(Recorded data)
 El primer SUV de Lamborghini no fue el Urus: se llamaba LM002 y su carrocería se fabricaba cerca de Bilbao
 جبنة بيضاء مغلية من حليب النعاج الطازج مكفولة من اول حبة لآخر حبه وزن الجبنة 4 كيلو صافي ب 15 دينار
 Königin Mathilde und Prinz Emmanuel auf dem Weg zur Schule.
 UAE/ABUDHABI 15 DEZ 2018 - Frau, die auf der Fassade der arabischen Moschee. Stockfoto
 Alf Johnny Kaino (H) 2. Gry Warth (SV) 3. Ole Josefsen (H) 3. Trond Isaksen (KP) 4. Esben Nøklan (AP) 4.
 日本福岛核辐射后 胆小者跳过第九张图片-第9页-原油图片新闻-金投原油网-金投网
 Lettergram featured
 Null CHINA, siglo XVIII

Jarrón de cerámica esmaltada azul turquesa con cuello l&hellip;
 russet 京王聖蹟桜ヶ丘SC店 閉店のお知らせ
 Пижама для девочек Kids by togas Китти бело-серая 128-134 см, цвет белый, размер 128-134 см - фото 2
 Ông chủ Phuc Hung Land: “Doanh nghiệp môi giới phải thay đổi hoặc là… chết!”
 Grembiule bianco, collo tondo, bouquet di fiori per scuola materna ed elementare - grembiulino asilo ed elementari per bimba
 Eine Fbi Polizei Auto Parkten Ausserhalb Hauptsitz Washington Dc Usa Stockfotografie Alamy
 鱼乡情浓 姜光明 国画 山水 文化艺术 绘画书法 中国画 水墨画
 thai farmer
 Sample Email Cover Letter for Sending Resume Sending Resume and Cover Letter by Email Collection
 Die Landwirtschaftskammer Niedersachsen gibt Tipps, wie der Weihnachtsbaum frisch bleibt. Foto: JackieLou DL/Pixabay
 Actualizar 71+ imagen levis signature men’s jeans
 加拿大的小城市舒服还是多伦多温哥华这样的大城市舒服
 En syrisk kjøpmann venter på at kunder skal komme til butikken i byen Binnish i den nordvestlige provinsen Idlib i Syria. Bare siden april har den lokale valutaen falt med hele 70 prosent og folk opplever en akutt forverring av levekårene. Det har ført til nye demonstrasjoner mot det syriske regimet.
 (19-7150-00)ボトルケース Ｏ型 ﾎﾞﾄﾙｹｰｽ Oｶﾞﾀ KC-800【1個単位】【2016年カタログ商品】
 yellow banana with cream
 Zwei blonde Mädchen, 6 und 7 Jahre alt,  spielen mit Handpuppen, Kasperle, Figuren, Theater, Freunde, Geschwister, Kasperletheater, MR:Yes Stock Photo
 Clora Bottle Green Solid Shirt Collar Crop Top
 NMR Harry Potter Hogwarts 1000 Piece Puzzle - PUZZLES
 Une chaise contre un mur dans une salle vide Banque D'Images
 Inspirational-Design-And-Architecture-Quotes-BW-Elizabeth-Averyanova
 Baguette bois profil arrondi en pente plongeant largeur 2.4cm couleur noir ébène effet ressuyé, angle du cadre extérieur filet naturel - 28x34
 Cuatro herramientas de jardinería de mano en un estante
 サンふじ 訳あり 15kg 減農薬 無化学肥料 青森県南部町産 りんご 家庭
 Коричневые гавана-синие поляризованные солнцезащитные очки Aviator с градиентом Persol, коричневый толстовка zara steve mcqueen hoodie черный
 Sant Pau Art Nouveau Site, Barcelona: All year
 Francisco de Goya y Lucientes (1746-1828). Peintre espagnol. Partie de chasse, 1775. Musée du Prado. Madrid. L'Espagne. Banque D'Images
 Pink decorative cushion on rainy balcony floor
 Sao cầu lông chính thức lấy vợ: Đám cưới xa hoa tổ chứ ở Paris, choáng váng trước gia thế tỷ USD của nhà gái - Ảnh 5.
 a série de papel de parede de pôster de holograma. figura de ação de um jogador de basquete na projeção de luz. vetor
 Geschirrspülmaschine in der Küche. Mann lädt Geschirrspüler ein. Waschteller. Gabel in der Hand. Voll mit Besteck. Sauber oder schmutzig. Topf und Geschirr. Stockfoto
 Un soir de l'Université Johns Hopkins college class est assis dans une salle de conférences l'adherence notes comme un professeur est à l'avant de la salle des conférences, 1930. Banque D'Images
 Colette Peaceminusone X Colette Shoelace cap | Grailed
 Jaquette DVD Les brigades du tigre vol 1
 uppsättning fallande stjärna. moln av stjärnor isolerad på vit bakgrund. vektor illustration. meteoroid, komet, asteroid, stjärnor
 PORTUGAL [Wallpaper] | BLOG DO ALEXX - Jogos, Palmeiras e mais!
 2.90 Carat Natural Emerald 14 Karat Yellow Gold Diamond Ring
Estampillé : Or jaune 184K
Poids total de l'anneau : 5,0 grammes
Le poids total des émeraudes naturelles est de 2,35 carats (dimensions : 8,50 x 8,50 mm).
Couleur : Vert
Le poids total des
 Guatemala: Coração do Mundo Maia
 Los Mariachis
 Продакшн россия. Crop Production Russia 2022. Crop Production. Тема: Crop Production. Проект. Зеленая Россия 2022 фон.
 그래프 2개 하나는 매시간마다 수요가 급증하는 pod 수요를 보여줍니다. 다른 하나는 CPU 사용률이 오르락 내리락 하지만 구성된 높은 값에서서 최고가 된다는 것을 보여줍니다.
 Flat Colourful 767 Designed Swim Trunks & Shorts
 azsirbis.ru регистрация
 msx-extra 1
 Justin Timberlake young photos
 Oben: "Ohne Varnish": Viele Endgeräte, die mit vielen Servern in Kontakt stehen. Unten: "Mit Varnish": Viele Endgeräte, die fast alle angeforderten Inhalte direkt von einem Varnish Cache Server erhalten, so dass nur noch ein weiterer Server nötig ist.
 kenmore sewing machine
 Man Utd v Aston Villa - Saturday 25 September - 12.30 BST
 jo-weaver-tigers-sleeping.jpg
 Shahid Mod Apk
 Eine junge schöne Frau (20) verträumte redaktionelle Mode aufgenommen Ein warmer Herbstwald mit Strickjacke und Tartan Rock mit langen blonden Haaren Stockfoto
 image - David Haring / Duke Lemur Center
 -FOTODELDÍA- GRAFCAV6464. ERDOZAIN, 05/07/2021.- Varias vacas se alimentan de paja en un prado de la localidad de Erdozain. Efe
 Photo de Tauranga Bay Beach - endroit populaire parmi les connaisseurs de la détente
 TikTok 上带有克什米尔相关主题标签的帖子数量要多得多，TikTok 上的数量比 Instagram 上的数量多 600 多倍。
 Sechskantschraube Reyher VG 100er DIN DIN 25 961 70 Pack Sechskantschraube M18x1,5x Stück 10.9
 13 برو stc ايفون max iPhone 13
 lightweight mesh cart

- Exercise directions -
Restate, word for word and with nothing added, the lines from the beginning of the records above through the line that contains "جبنة بيضاء مغلية".

- Solution -
 El primer SUV de Lamborghini no fue el Urus: se llamaba LM002 y su carrocería se fabricaba cerca de Bilbao
 جبنة بيضاء مغلية من حليب النعاج الطازج مكفولة من اول حبة لآخر حبه وزن الجبنة 4 كيلو صافي ب 15 دينار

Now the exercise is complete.